* **Problem to solve**:
From the line containing "Lock till smörkärna, i" through the last line of the listing, output each line exactly as it stands. Omit pictures.

* **Information shown**:

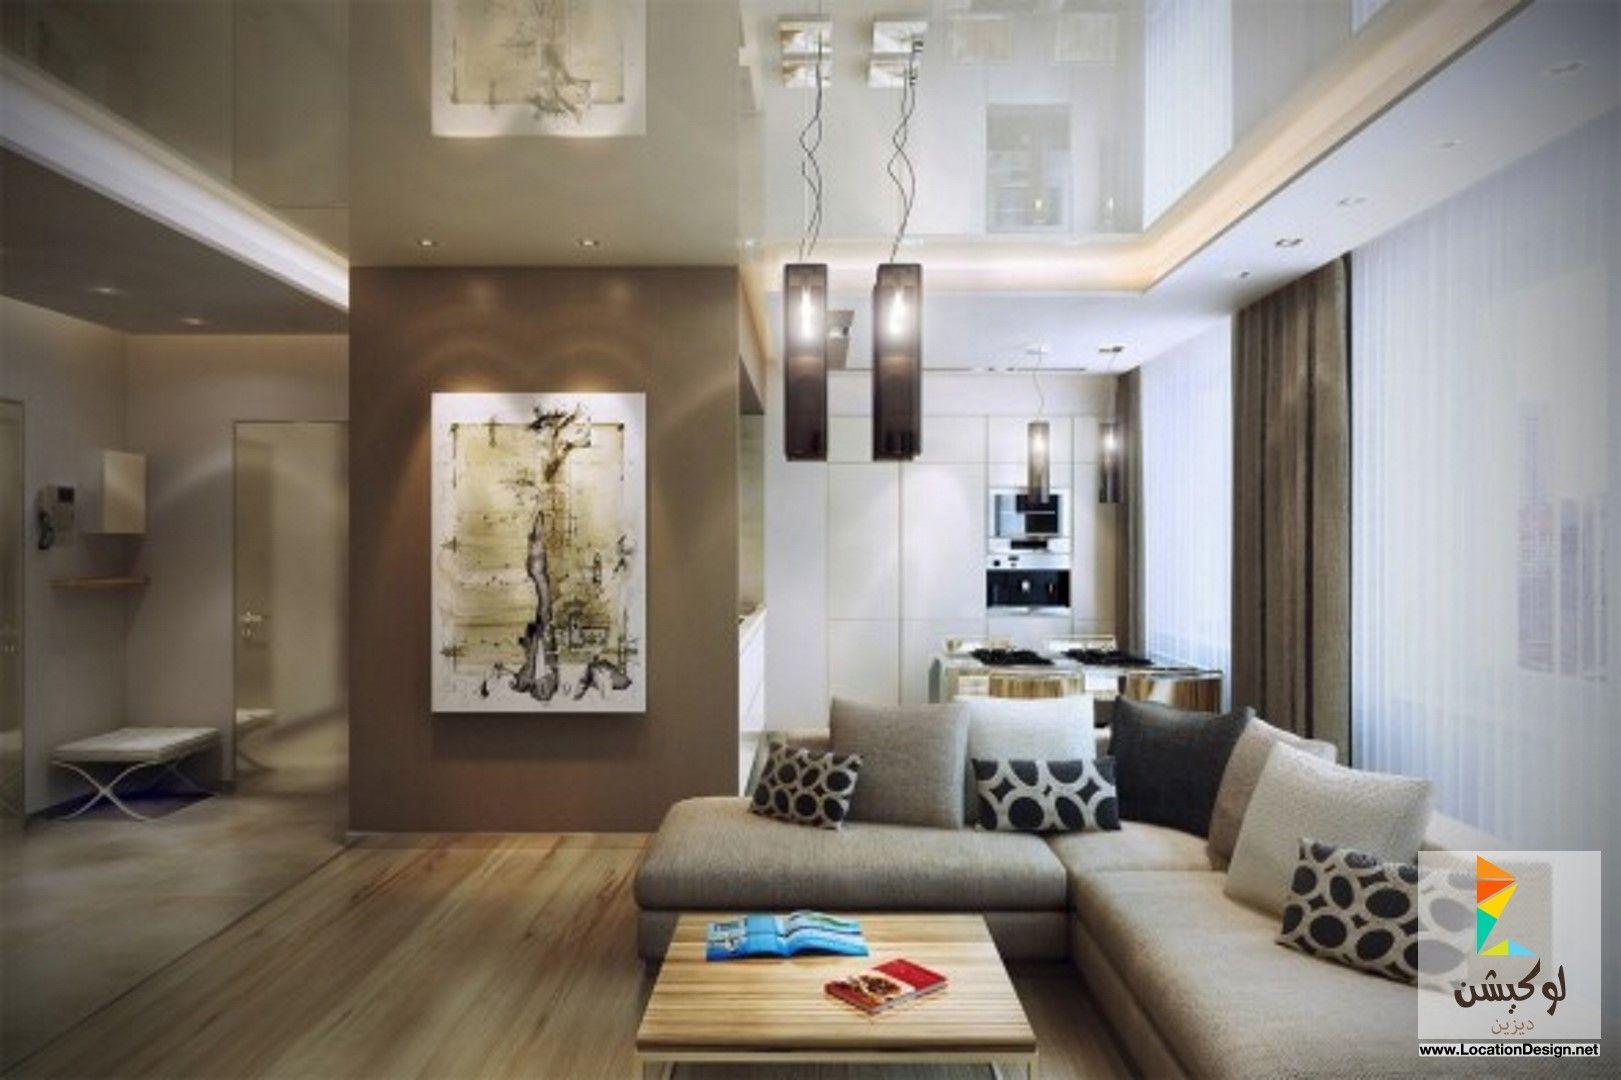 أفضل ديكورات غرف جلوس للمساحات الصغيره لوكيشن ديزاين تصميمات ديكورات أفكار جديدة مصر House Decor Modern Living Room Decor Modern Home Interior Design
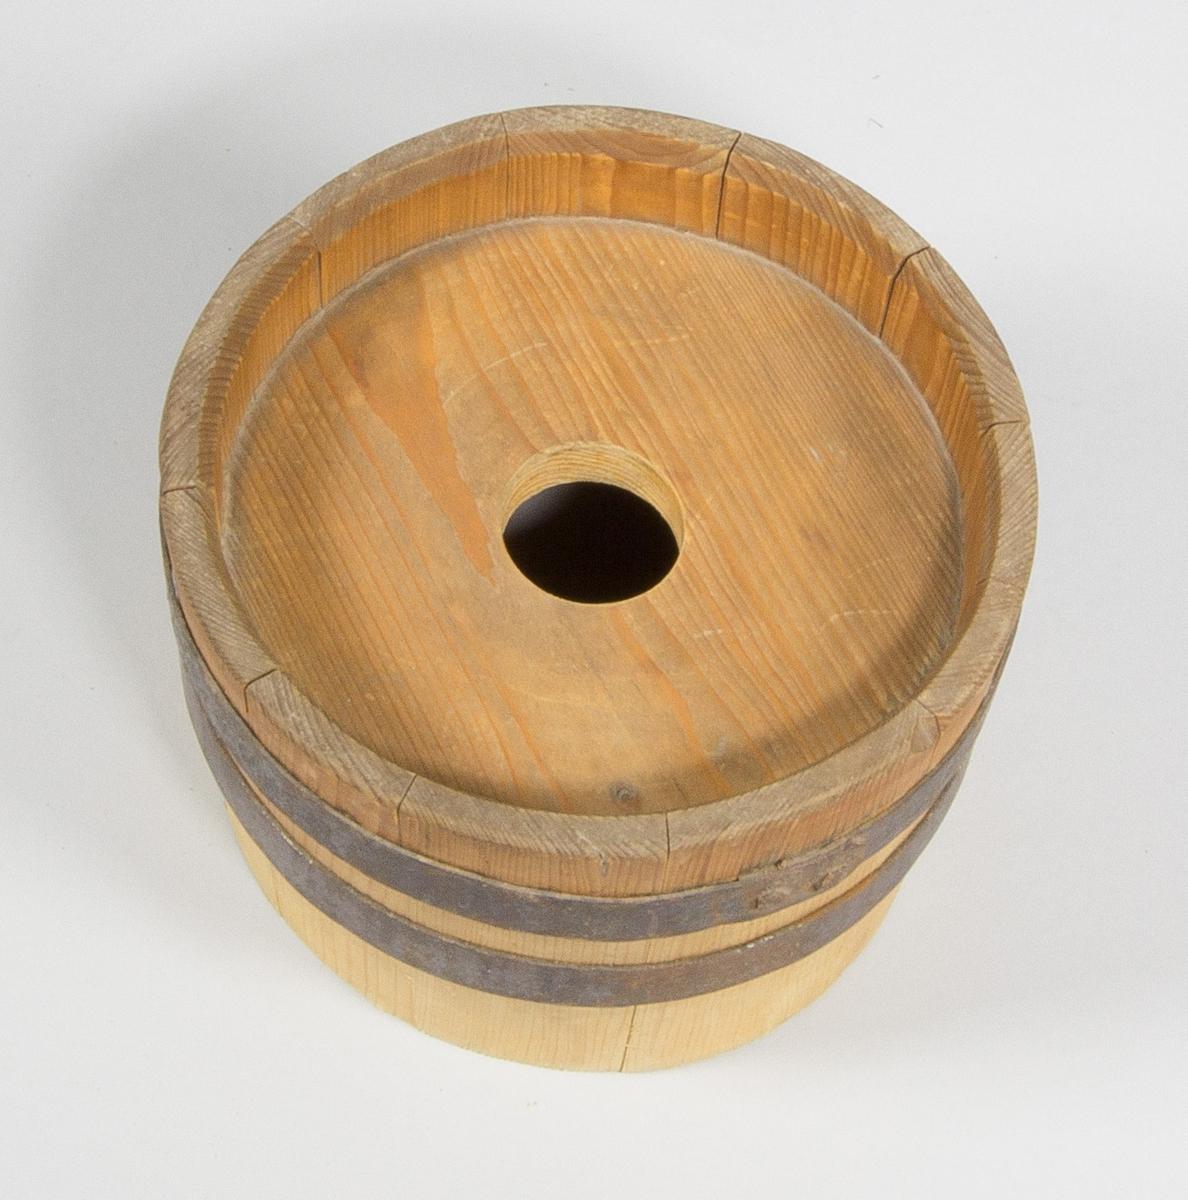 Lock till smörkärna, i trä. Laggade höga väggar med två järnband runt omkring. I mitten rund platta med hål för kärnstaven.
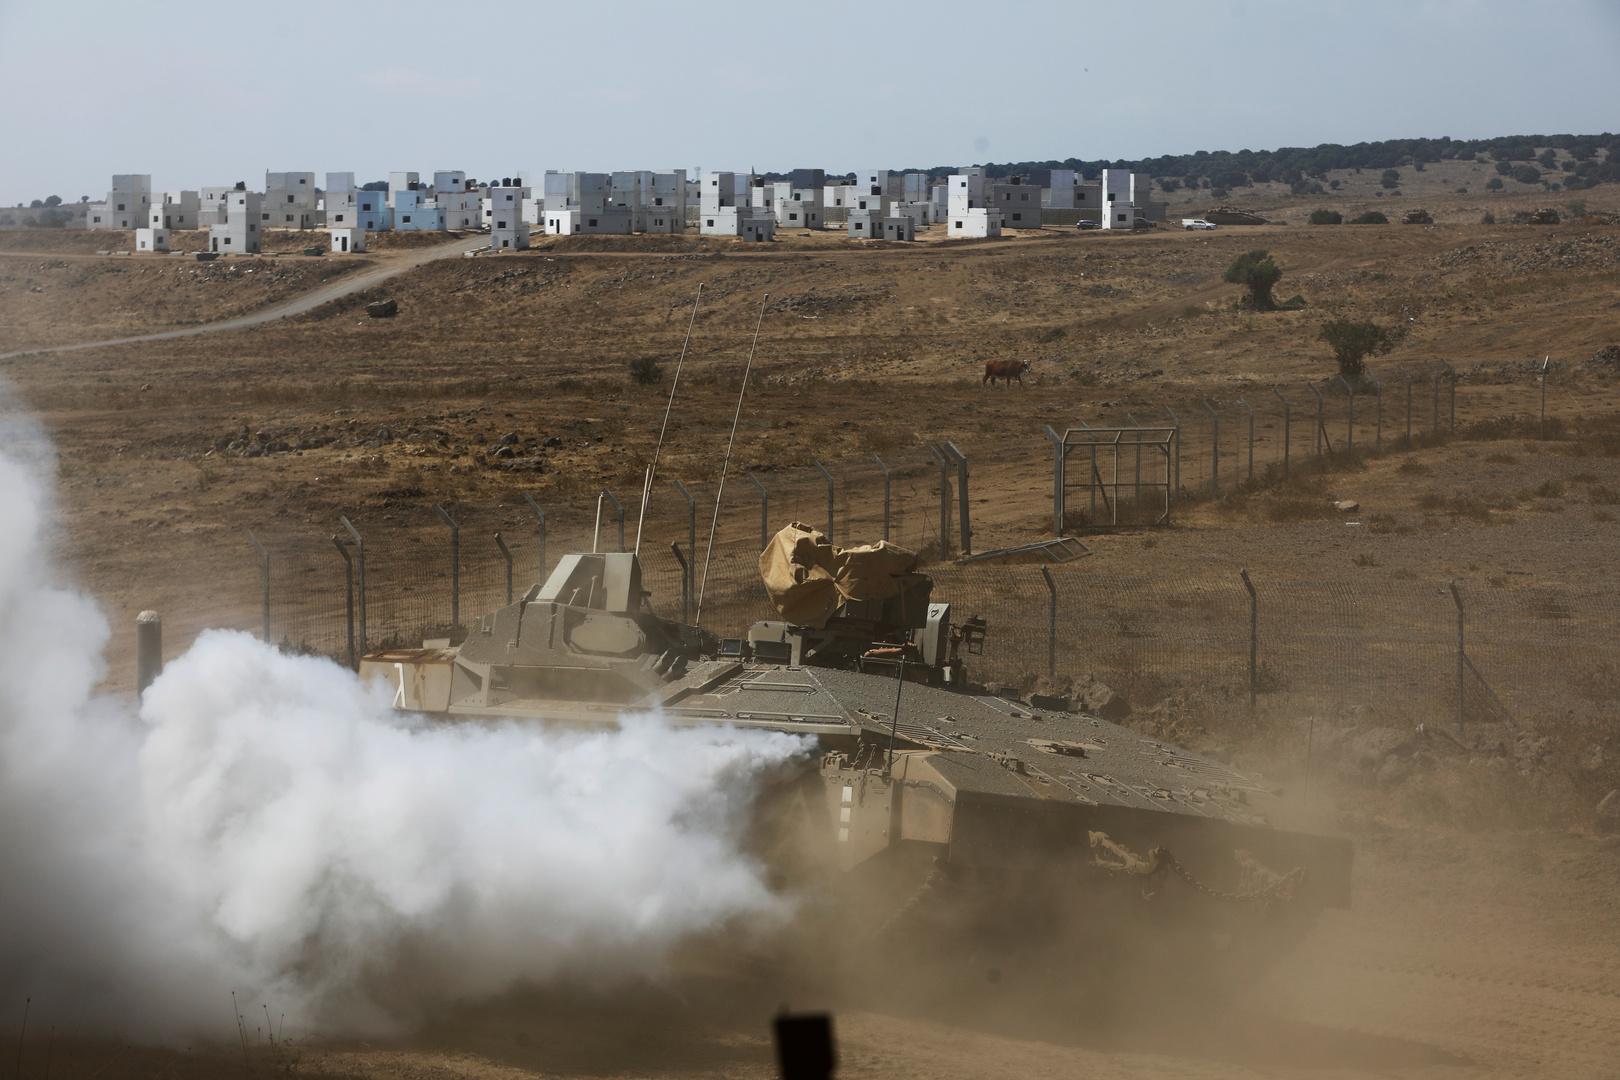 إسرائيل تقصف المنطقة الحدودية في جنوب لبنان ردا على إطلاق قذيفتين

* **Task answer**:
 Lock till smörkärna, i trä. Laggade höga väggar med två järnband runt omkring. I mitten rund platta med hål för kärnstaven.
 إسرائيل تقصف المنطقة الحدودية في جنوب لبنان ردا على إطلاق قذيفتين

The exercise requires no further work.